Faruk BAL
Siyasal Bilgiler Fakültesi Dergisi (İSMUS), II/2 (2017), s. 23-56
Batı Avrupa’da ortaya çıkan siyasi ve iktisadi gelişmelere ilave uluslararası alanda ortaya çıkan gelişmelerin etkisiyle XVIII. yüzyılın başlarından itibaren, Osmanlı ve İspanya devletleri arasında yakınlaşma başladı. XVIII. yüzyılın başında İspanya’da hanedanın el değiştirmesinin bu yakınlaşmada önemli bir yeri vardır. Tahtın yeni varisleri Osmanlı Devletiyle antlaşma yapmaya istekliydiler.

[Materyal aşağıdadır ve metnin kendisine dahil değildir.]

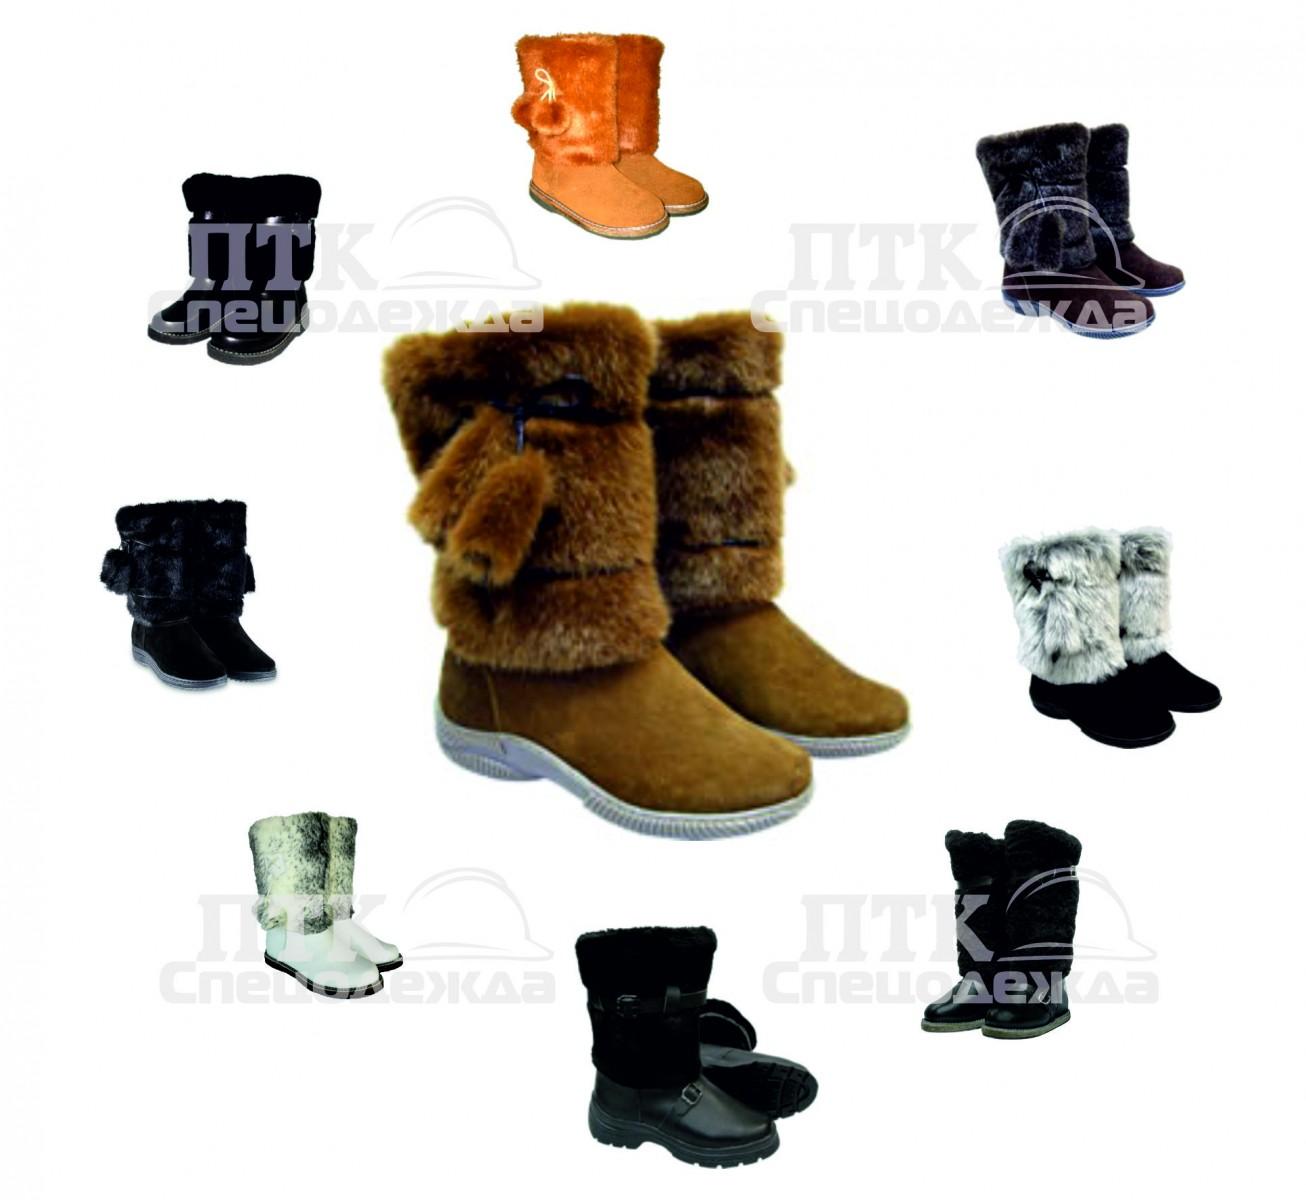 c31fa36c7 Унты и валенки – лучшая зимняя обувь в национальном стиле ...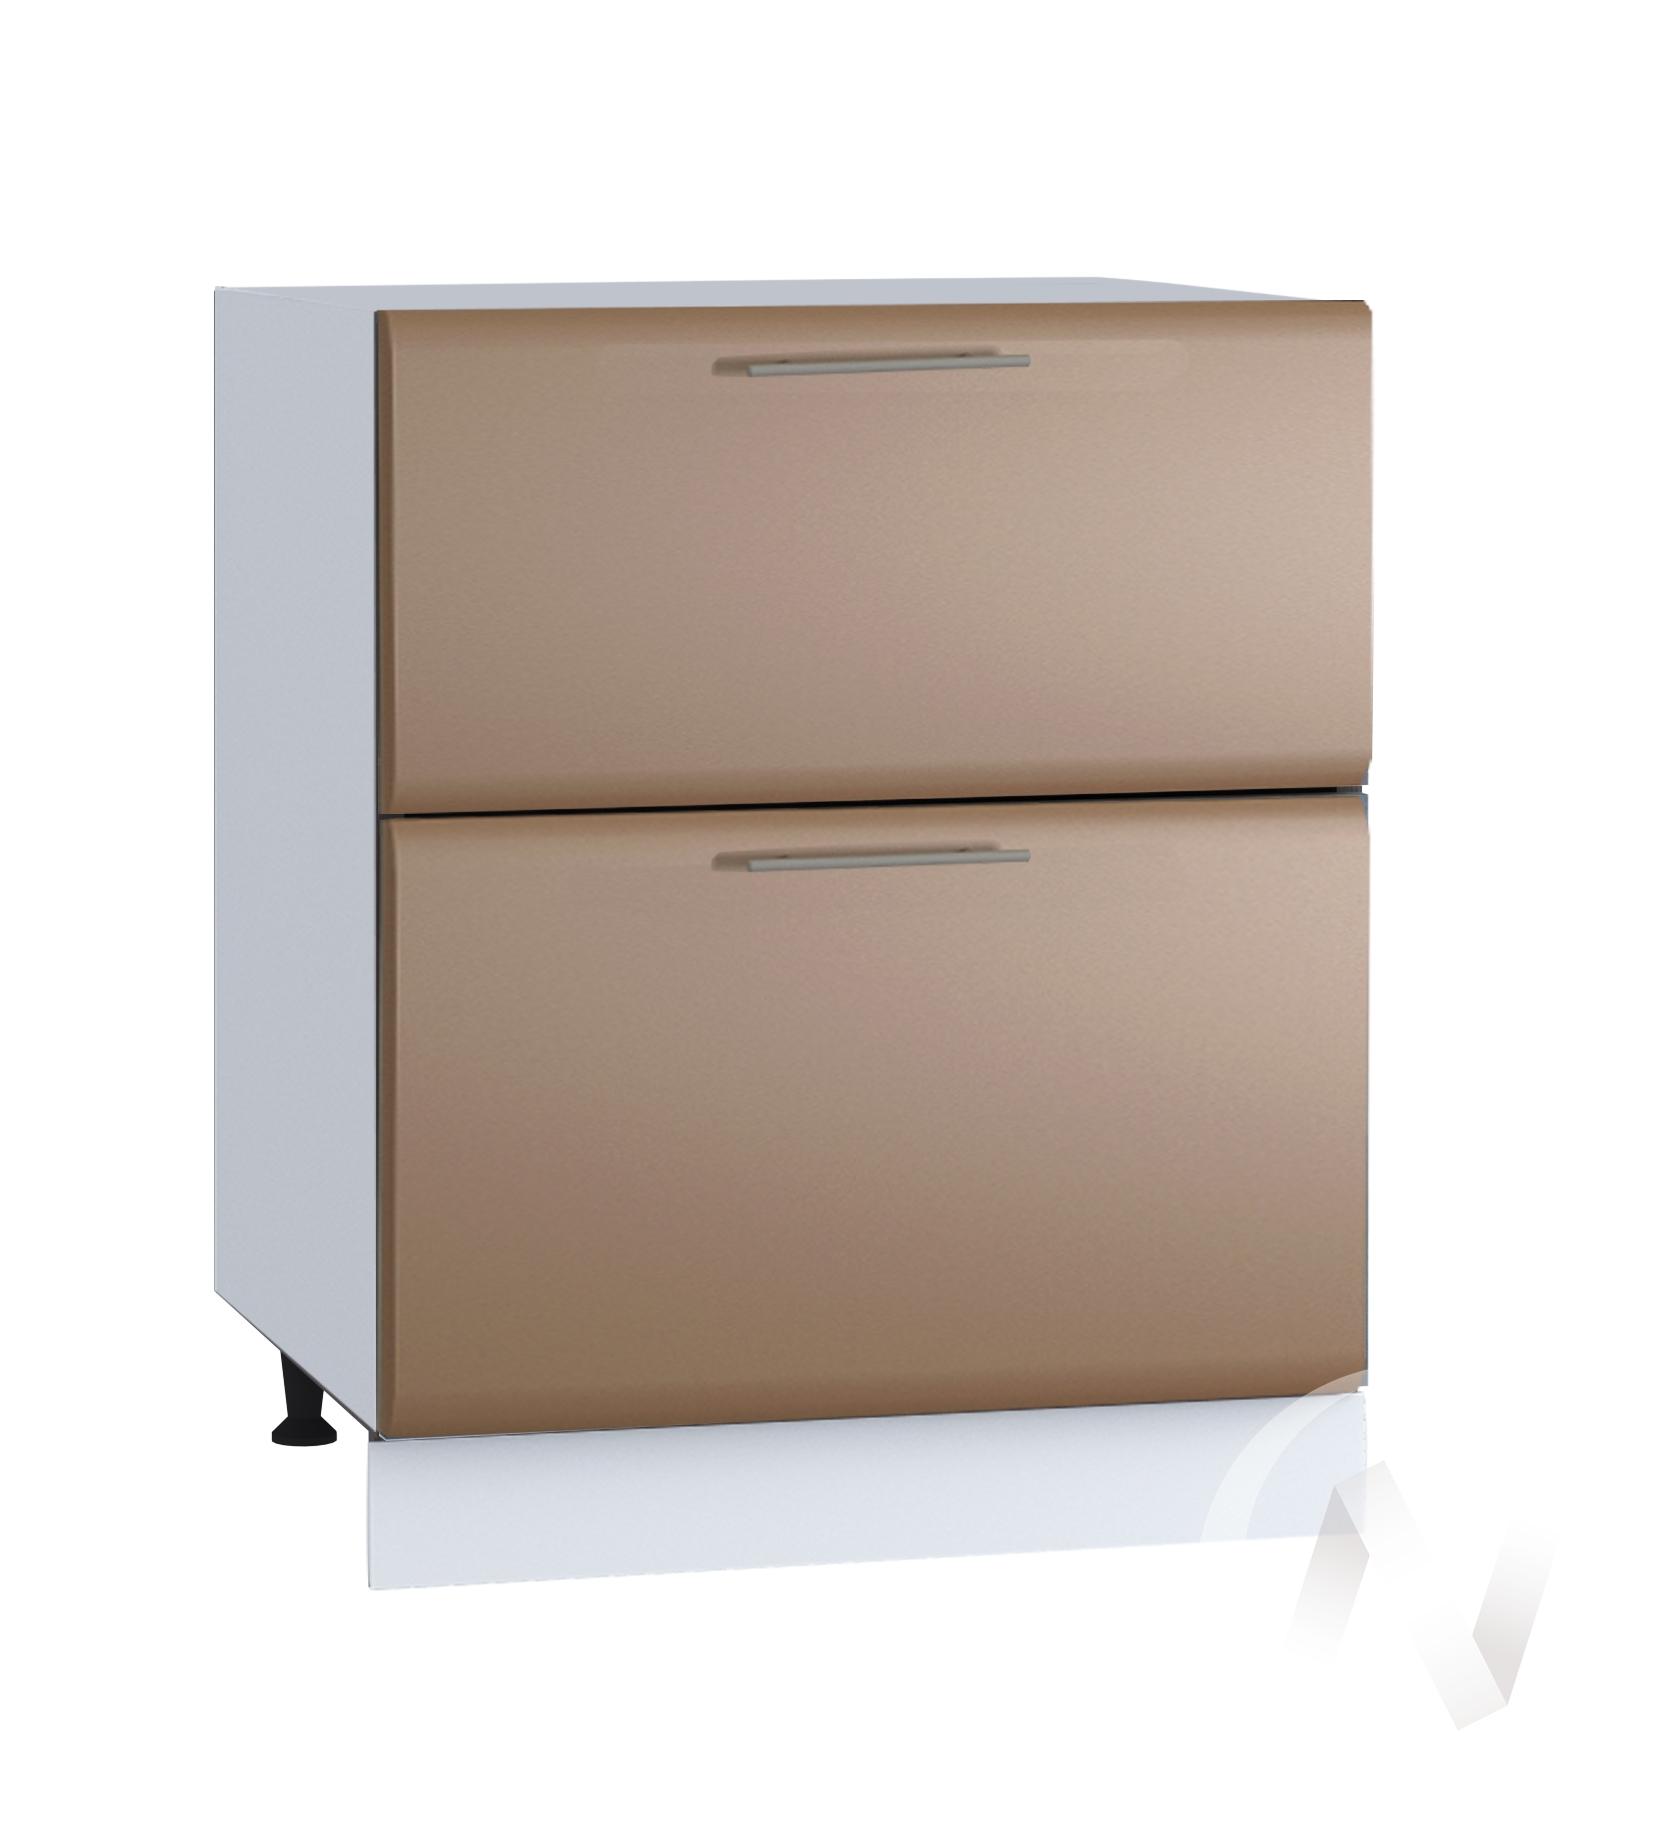 """Кухня """"Люкс"""": Шкаф нижний с 2-мя ящиками 600, ШН2Я 600 (Шоколад матовый/корпус белый)"""

Osmanlı Devletiyle varılacak bir antlaşma neticesinde İspanya, doğrudan ticaretin faydalarından yararlanmakla kalmayacak Kuzey Afrika kıyılarından ticarî aktivitelerine ve kıyılarına karşı gerçekleşen saldırılardan korunacaktı. Antlaşma, İspanya’nın İslam dünyası ile ekonomik ilişkilerini geliştirecekti. Uzun uğraşlar sonucu 1782 yılında İspanya ve Osmanlı devletleri arasında bir barış ve ticaret antlaşması imzalandı. Barış antlaşmasının ardından her iki tarafın birbirlerini tanıma çabaları başladı. Antlaşma sonrası ortaya çıkan ilk eserler İstanbul’a giden İspanyol görevliler tarafından kaleme alındı. Bu eserlerden biri Gabriel de Aristizábal’ın 1784 yılında İstanbul’a yaptığı seferde ortaya çıktı. José Moreno bu yolculukta Osmanlı Devleti hakkında rapor yazmakla görevlendirilmişti. Böylece “1784 Yılında İstanbul’a Seyahat” başlıklı çalışma kaleme alındı. Eser, III. Carlos’un ve onun Başnazırı Floridablanca’nın Akdeniz politikalarıyla yakından bağlantılıdır. 1784 Yılında İstanbul’a Seyahat kitabında yer alan iki ara açıklama bu çalışmanın konusunu teşkil etmektedir. Uluslararası alanda değişen siyasî ve iktisadî koşullar nedeniyle iki imparatorluğun birbirlerine yakınlaşma istekleri, birbirlerinden beklentileri ve barış süreciyle ortaya çıkan yeni dönemin Osmanlı-İspanya ilişkilerinde ne gibi sonuçlar doğurduğu konunun sınırları içerisinde ele alınmıştır.